Мой телефон снова заработал (хотя мне пришлось перезагрузить его, чтобы он показывал правильное время) и около семи зазвонил. На экране было слово «ПАПА». Я включил телевизор и немного увеличил громкость, прежде чем ответить на звонок.
— Привет, Чарли, у тебя все в порядке?
— Все норм. Ты лазил по деревьям?
Он рассмеялся.
— Нет, тут льет дождь. Вместо этого было много командных упражнений. Игра «Спятившие Страховщики». Что ты там смотришь?
— «Спортивный центр».
— Как собака?
— Радар? — она подняла на меня глаза с коврика. — С ней все хорошо.
— Она ест?
— Съела все и вылизала миску.
— Рад это слышать.
Мы еще немного поговорили. Он казался спокойным, и я подумал, что обмануть его будет нетружно. Это и радовало меня, и наполняло стыдом.
— Если хочешь, я позвоню завтра вечером.
— Нет, я, наверное, пойду есть бургеры и играть в мини-гольф кое с кем из из ребят.
— А девушки будут?
— Вполне может быть. Я позвоню тебе, если что-нибудь случится. Пожар, или что-то подобное.
— Хороший план. Доброй ночи, Чип.
— Тебе тоже.
С того места, где я сидел, я видел письмо на кухонном столе. Мне не хотелось врать отцу, но другого выхода я не видел. Ситуация была чрезвычайной.
Вырубив телик, я решил лечь в восемь впервые за целую вечность. Встать я собирался как можно раньше. «Чем раньше начнешь, тем раньше сделаешь», — говаривала моя мать. Иногда я уже не мог вспомнить, как она выглядела, не посмотрев на ее фото, но помнил все ее фразы, даже сказанные однажды. Память — странный механизм.
Я запер дверь, но не потому, что боялся Полли. Он, должно быть, знал, где я живу, но у него были сломаны обе руки, и я завладел его пистолетом. Денег и документов у него тоже не было. Я думал, что он уже спешит в Чикаго, где попытается превратить четыре золотых гранулы в наличные.
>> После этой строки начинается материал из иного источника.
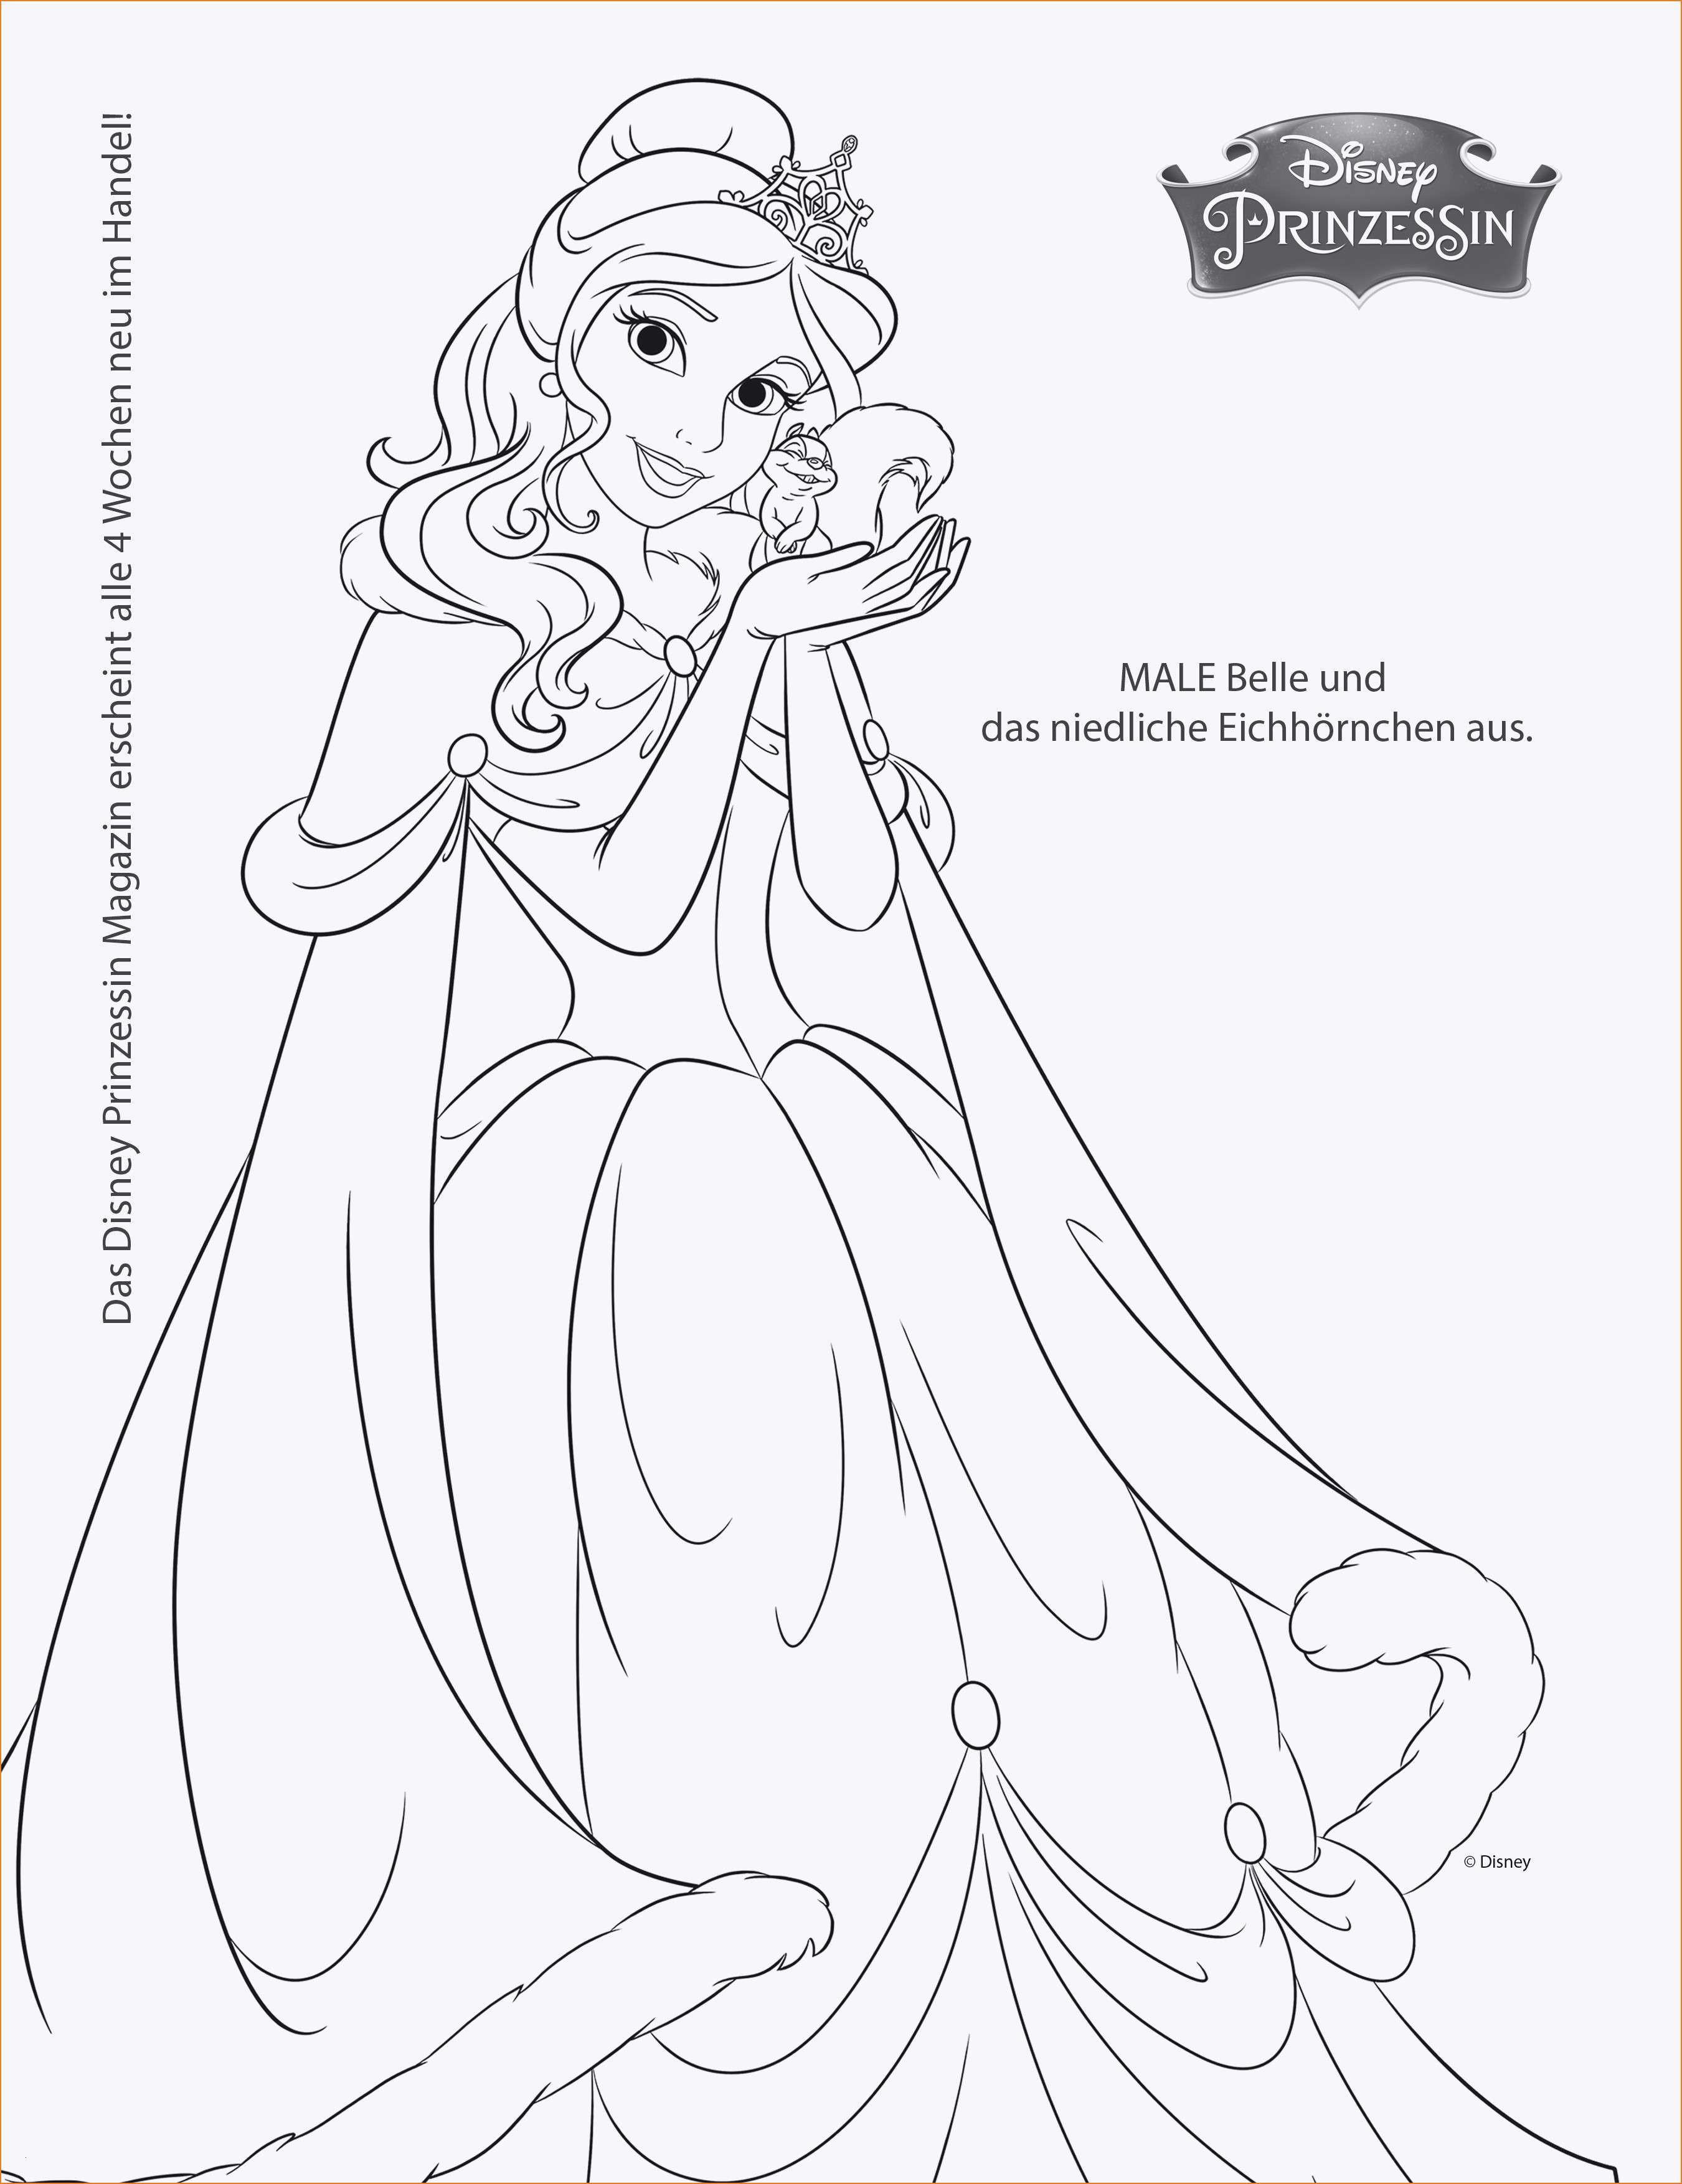 Disney Bilder Zum Ausmalen Einzigartig 35 Ausmalbilder Disney Prinzessinnen forstergallery Bilder
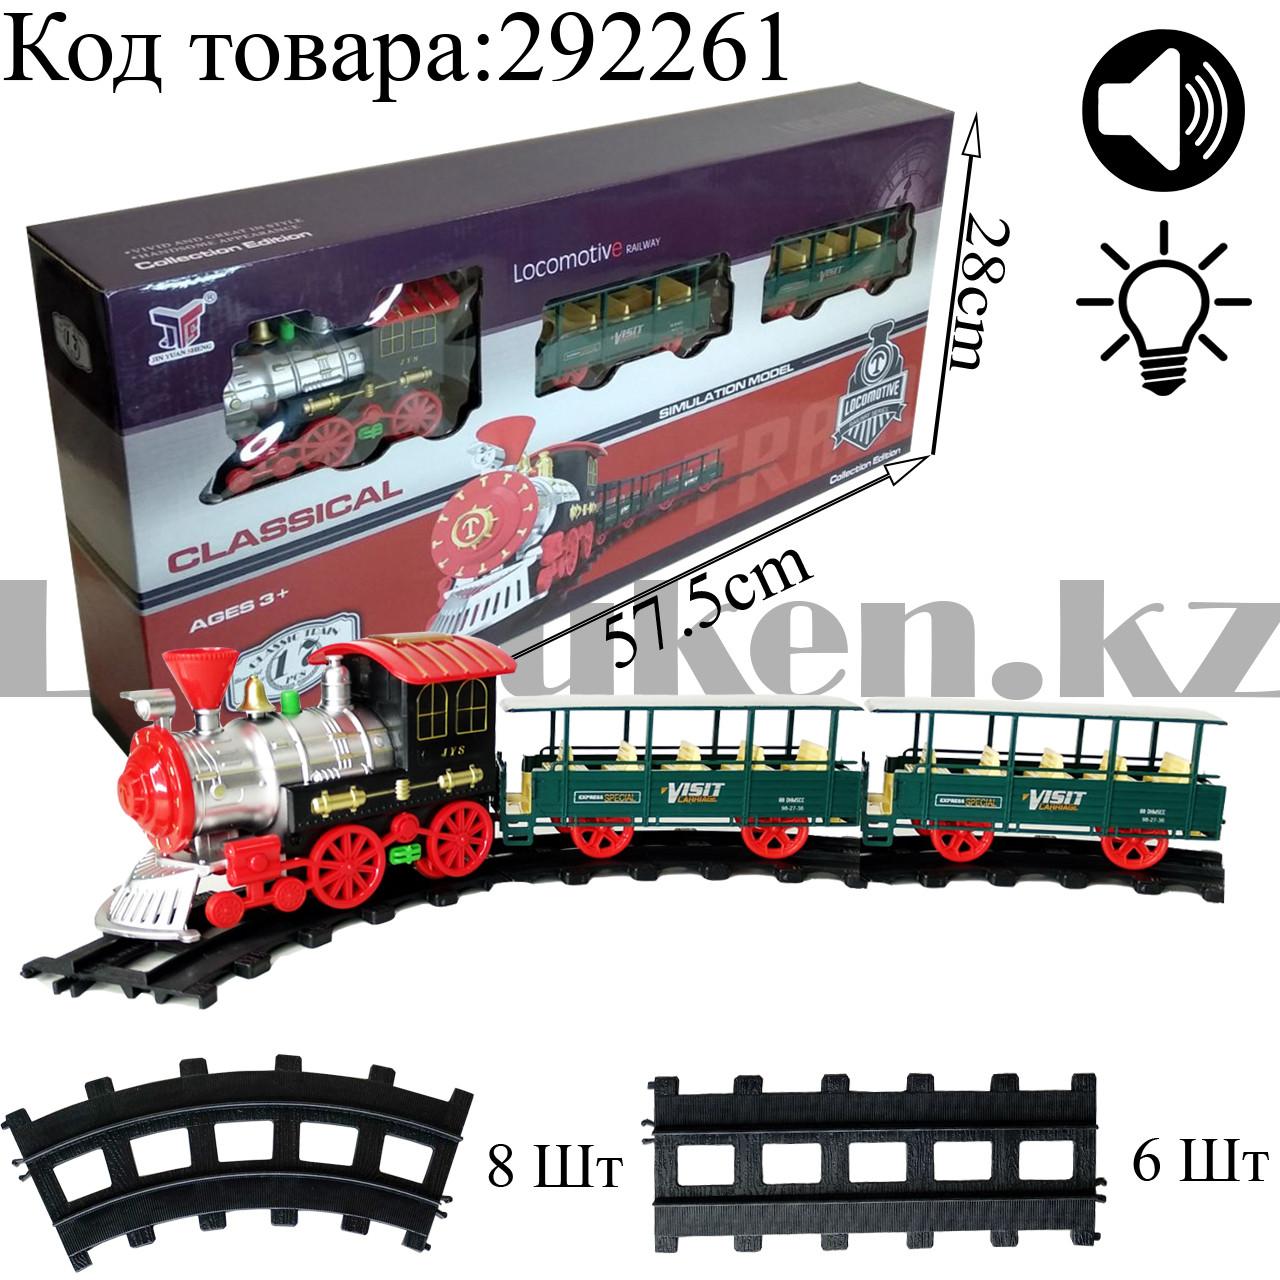 Игрушечный набор железная дорога и поезд со свето-звуковым сопровождением на 17 деталей Locomotive RailWay - фото 1

Если он вообще сможет их продать, то получит не больше двадцати центов с доллара, и меня это радовало. Это было потрясно. Каждый раз, когда я начинал чувствовать жалость к нему или вину за то, что я сделал, я вспоминал, как он прижимает дуло своего пистолетика к моему затылку и говорит: «Не оборачивайся, это будет неразумно». Хотя я был рад и тому, что не убил его.
Я внимательно осмотрел себя в зеркале, пока чистил зубы. Вроде бы я выглядел как обычно, что было довольно удивительно после всего случившегося. Прополоскав рот, я повернулся и увидел Радар, сидящую в дверях ванной. Я наклонился и взъерошил шерсть по бокам ее морды.
— Хочешь завтра отправиться в дорогу, девочка?
Она пару раз стукнула хвостом по полу, потом пошла в комнату для гостей и улеглась возле моей кровати. Дважды проверив будильник, чтобы убедиться, что он установлен на пять утра, я выключил свет. Я думал, что мне потребуется много времени, чтобы заснуть после всей этой езды на американских горках, но тут же начал уплывать в сон.
Я еще успел спросить себя, действительно ли я собираюсь рискнуть жизнью и получить кучу неприятностей как с отцом, так и в школе, из — за старой собаки, у которой уже был — по собачьим меркам — чертовски долгий век. Ответ казался мне утвердительным, но это была не единственная причина. Было еще чудо открытия, была тайна. Ради всего святого, я нашел другой мир. Я хотел увидеть город с зелеными башнями и выяснить, действительно ли это страна Оз, только с ужасным монстром — Гогмагогом — а не с обманщиком, прячущимся под разными масками. Я хотел найти солнечные часы и посмотреть, действительно ли они делают то, что сказал мистер Боудич. И не забывайте, что мне было семнадцать — самый подходящий возраст как для приключений, так и для дурацких ошибок.
Но да, в основном это была собака. Видите ли, я любил ее и не хотел потерять.
Я повернулся на бок и крепко заснул.